My dad is a big electronic music fan - he’d play M83 and CHVRCHES in the car on the way to school. That synth-pop influence has stayed with me into my twenties. People say my music has a nostalgic 2010s feel, which I think is cool.
How has your queer community shaped your work and life?
Growing up at an all-girls Catholic school, queerness wasn’t even in my vocabulary. My first real sense of queer community came at 18, outside Yah Yah’s. It was a revelation to see people express themselves so freely. Now, when I write about queerness, it can be playful, flirty, mischievous - and sometimes still messy. Representation gave me permission to be myself.
What helps you slow down when you’re not making music?
My biggest comfort is my chihuahua, Billie. She’s my little rock, always curled up in the sun or at the end of my bed. My daily ritual? An iced soy latte, one sugar — even in the middle of winter.
There’s something steady and raw in the way Chloe tells stories. Songs like SPILL and Smoker’s Deck feel less like performance and more like pages of a journal gently held open.
SPILL began as a therapy metaphor.

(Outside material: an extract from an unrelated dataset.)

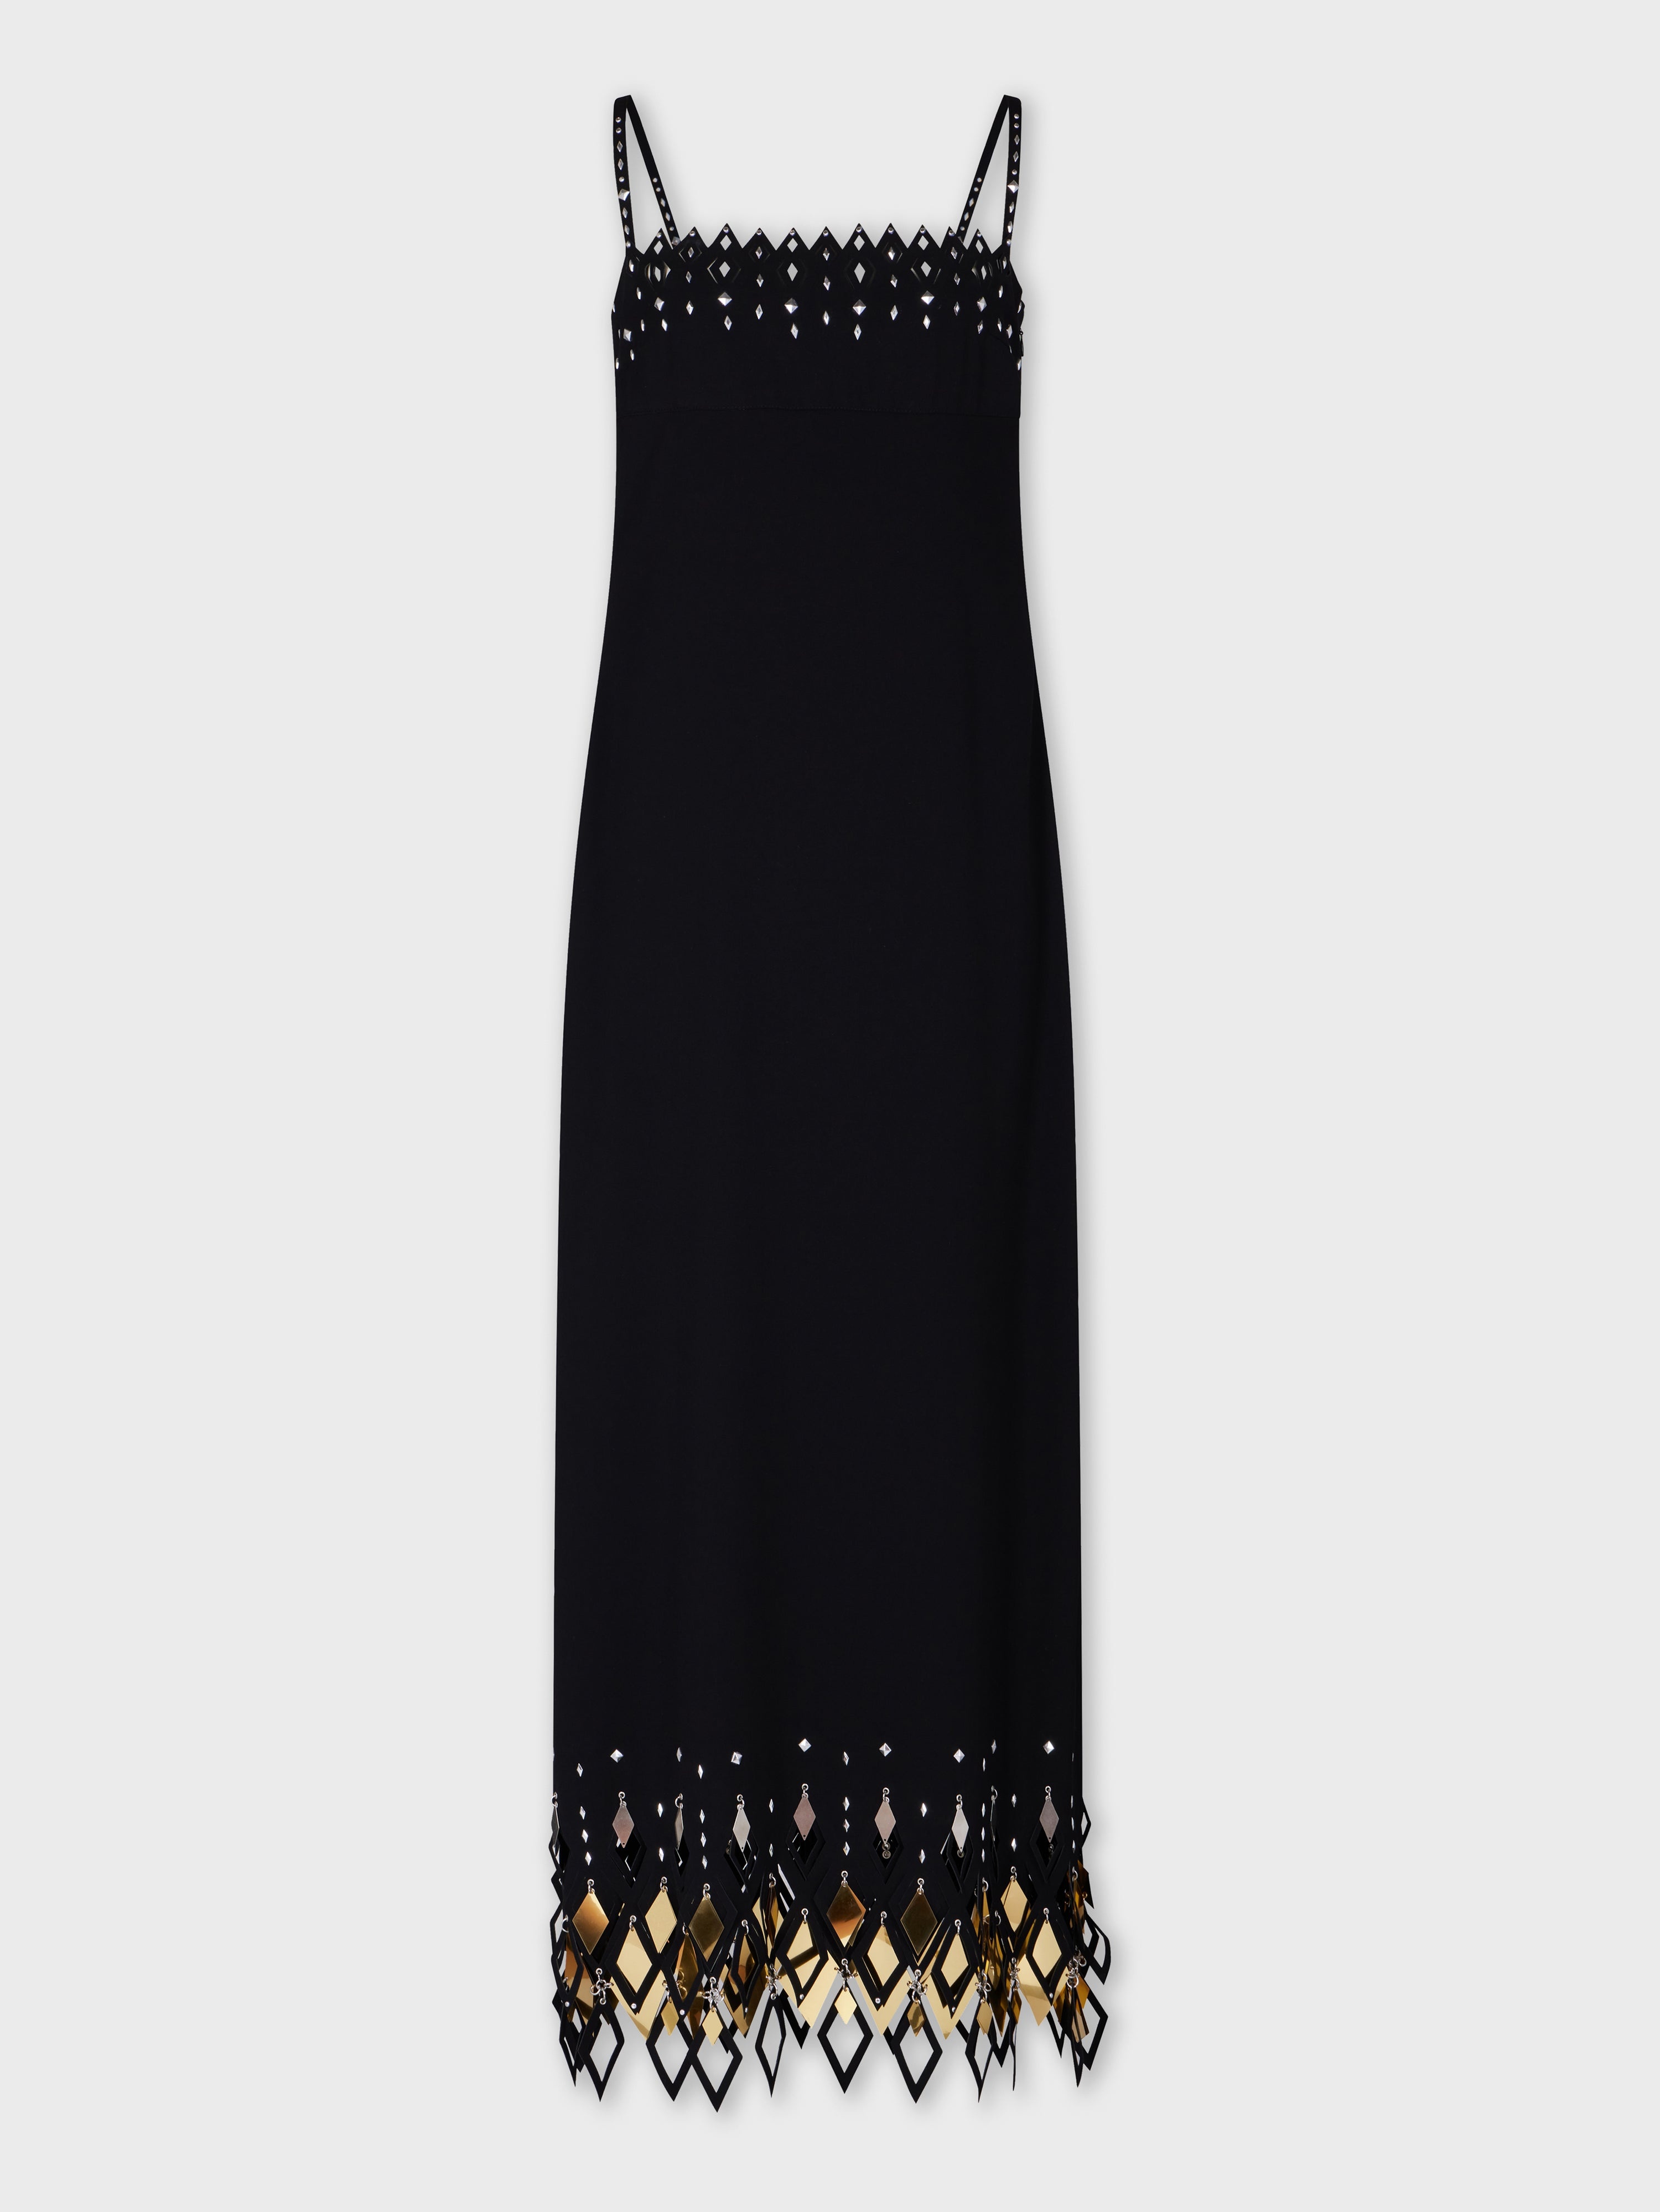 Black/White Embellished with Metal Chain Details - Maxi Dress

How did that become a song?
My therapist used to talk about cups in our brains, each representing a different need. Some people fill our cups, others pour them out. That metaphor stuck with me. When a relationship I was in began to deteriorate, I wondered if I was pouring them out - or if they’d run dry filling me up. That’s how SPILL was born.

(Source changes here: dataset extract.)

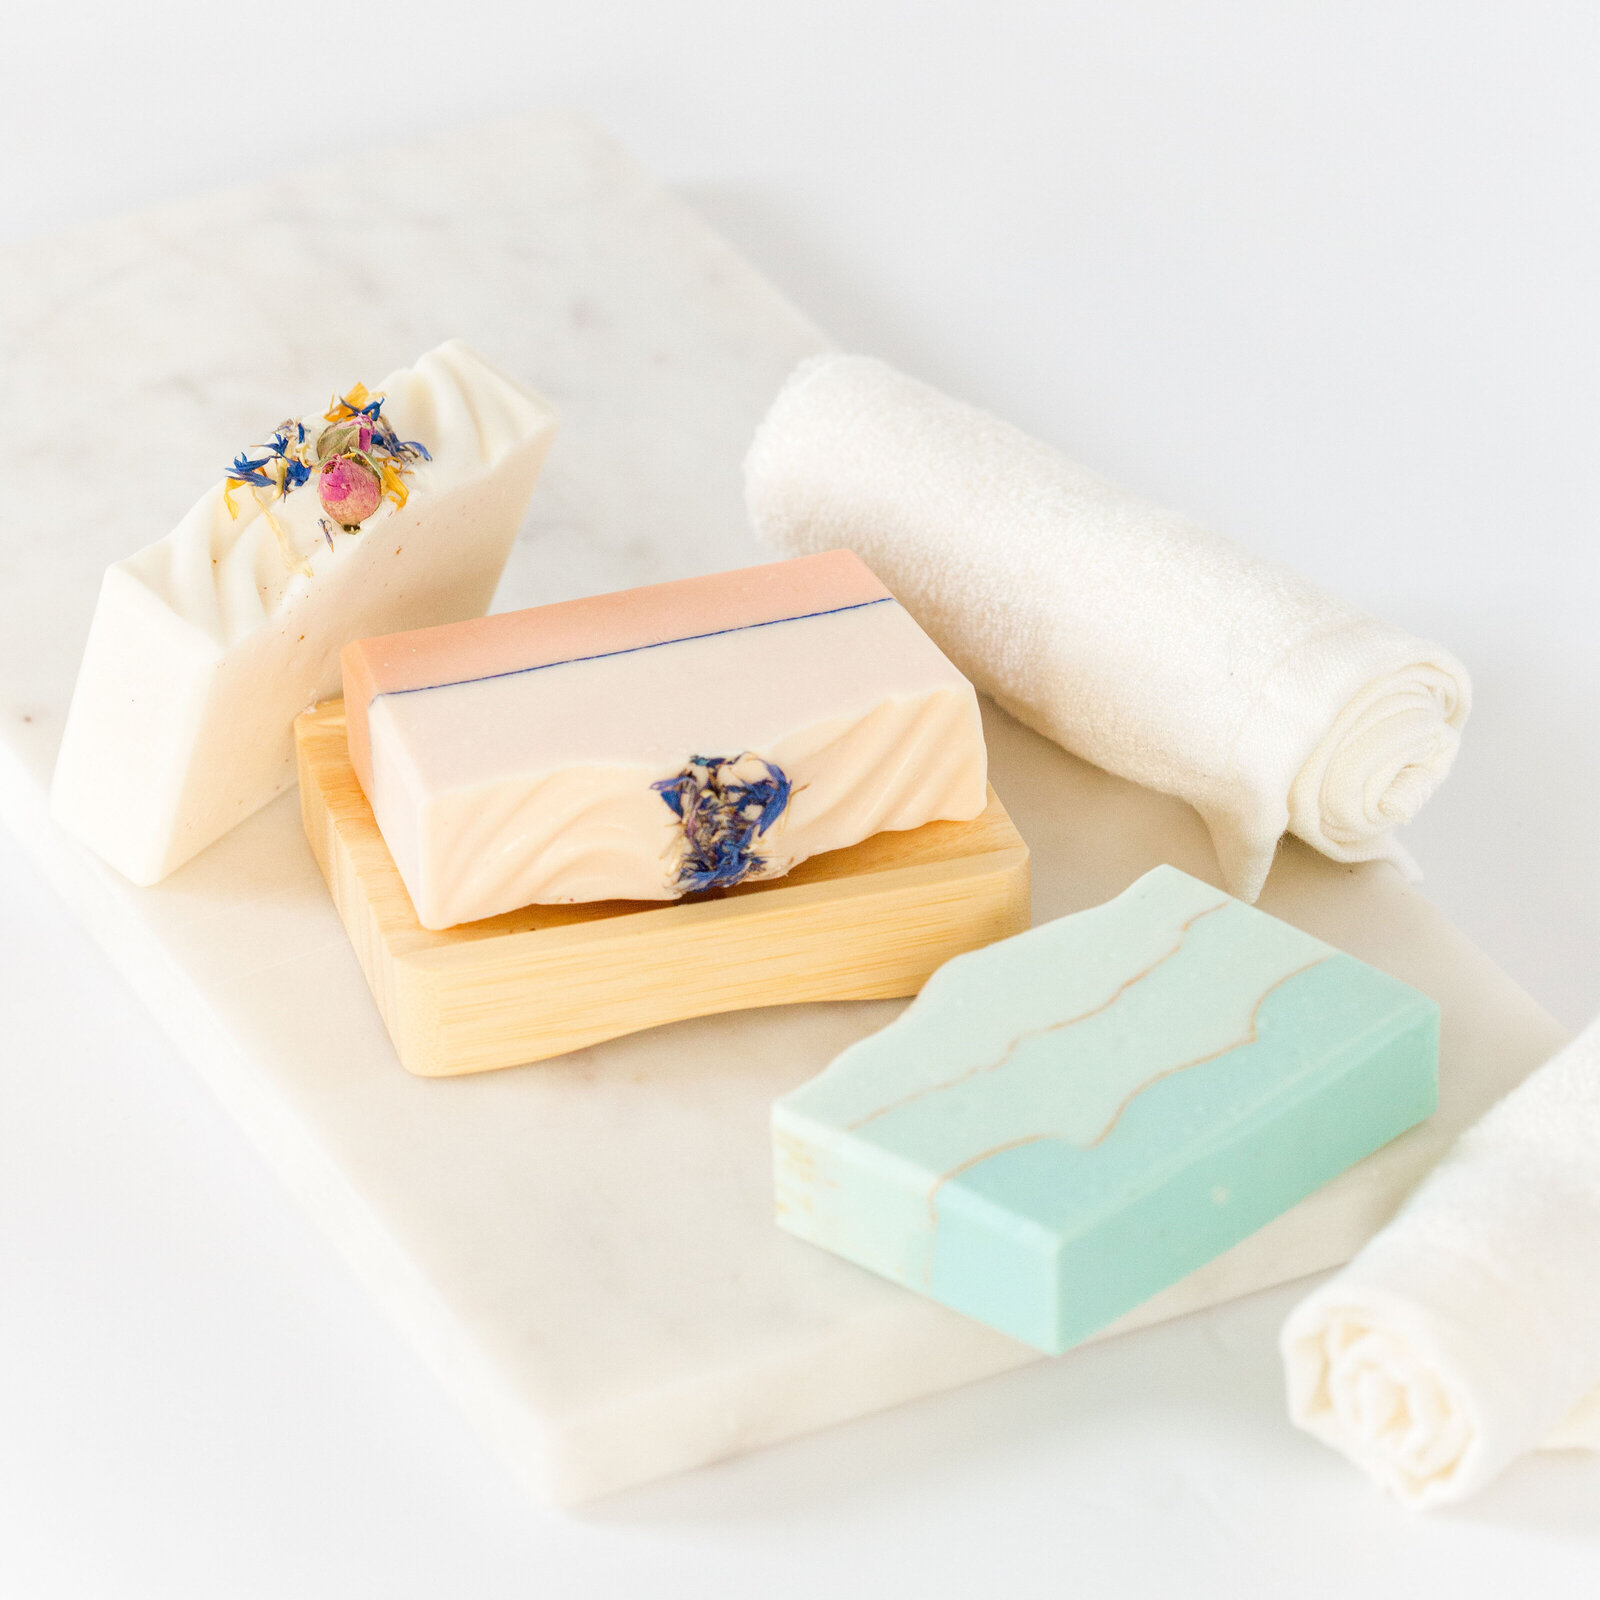 Product photographer for Etsy small businesses, farmers market, boutiques in San Diego, Southern California and beyond. Clean product photography of soap and skincare.

Smoker’s Deck reflects repeating patterns and trying to belong. What was that process like?
I hated the taste of cigarettes but smoked anyway because I had a crush. That relationship (we never actually dated) became about constant self-sacrifice — giving up what I needed, only to find myself back on the smoker’s deck. They were the cigarette I couldn’t quit. It took a year to get the production right, but the chorus drums nailed it — cathartic and true to the feeling.
Artists like Phoebe Bridgers, Taylor Swift, and Mallrat are often named alongside you. How do they influence your writing?

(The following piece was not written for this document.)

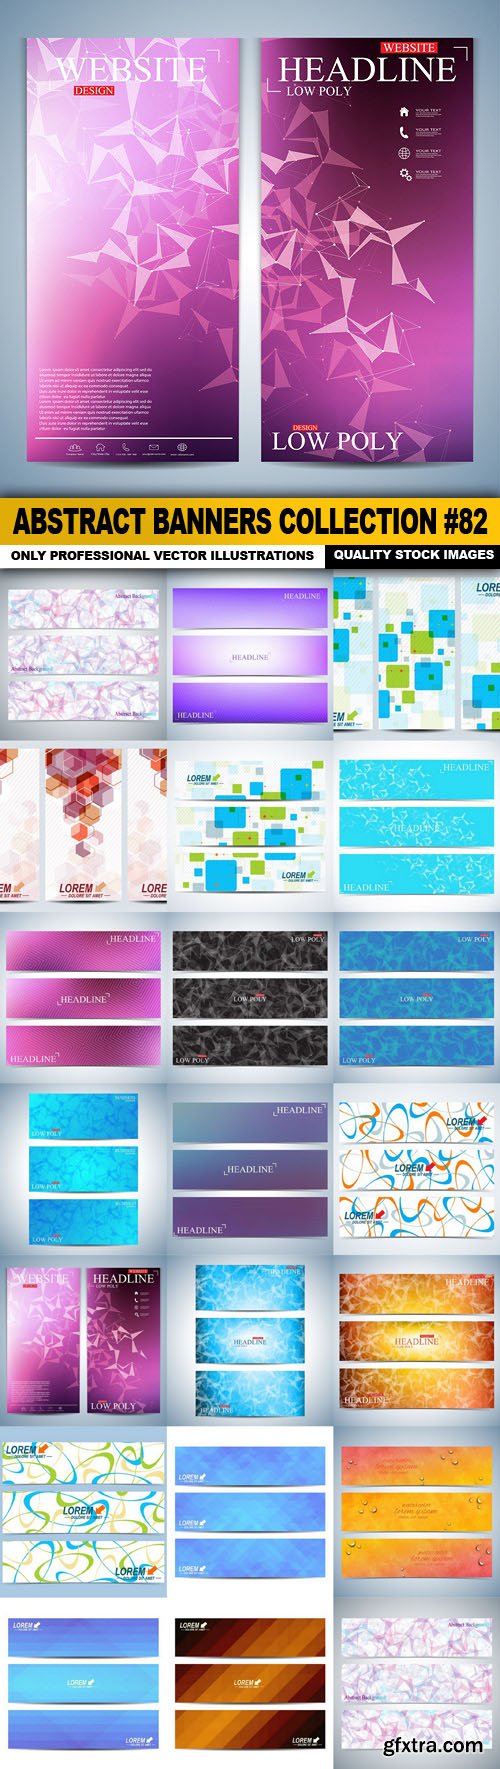 Abstract Banners Collection #82 - 20 Vectors

They’ve immortalised diary-style songwriting. They give me permission to be specific - hyperspecific, but still universal. That mix is magic.
Is there a lyric of your own that feels close to you right now?
“I’m drinking absinthe just to feel it burn, we’re playing cards outside but it’s never my turn.” From Nosedive. To me, it captures the Melbourne winter experience - huddled in a share house backyard, drinking for the warmth.
What did it feel like hearing your music on Triple J for the first time?
Insane. I was 16, sitting in the car with Mum outside the chemist, hearing THINKING play. Surreal. It cemented my love not just for writing, but for sharing music.
What was it like supporting Mia Wray and Telenova?
Opening for Mia Wray was a dream. Her fans were so attentive — I felt like I had them in the palm of my hand. That night, Smoker’s Deck got its first Triple J play. Pure magic.
Opening for Telenova was hectic — my first regional gig, my birthday, and someone sideswiped my car so badly a wheel came off. Wild night, unforgettable.
Any moments in the studio that surprised you?
SPILL started as a depressing ballad. Gab (Japanese Wallpaper) added a pulsing kick drum that gave it life, made it explode. Then Hamish (Hamish Patrick) pulled back the production during a verse about a panic attack in a concert line - it felt like your heart was in your throat. That’s now one of my favourite parts of the song.
Is there a sound or project living in your head right now?
Yes. A petty, melodramatic song I wrote after coming home from the club, using only my voice memos and pure gay rage. It may or may not come with a music video. It may or may not come out in September.
If you could write with anyone, who would it be?
I’d love to write a verse on One Of Your Girls by Troye Sivan. That song is so powerful. Troye, if you’re reading, hit me up.
What do you hope people feel when they listen to your music?
I hope they feel validated in being sensitive, overbearing, and messy. My songs live in the horror of situationships, the panic attacks in club bathrooms, and the quiet smokes outside.
If you could speak to your 16-year-old self entering Unearthed High, what would you say?
Release more music! I thought my songs weren’t good enough back then, but they were sick.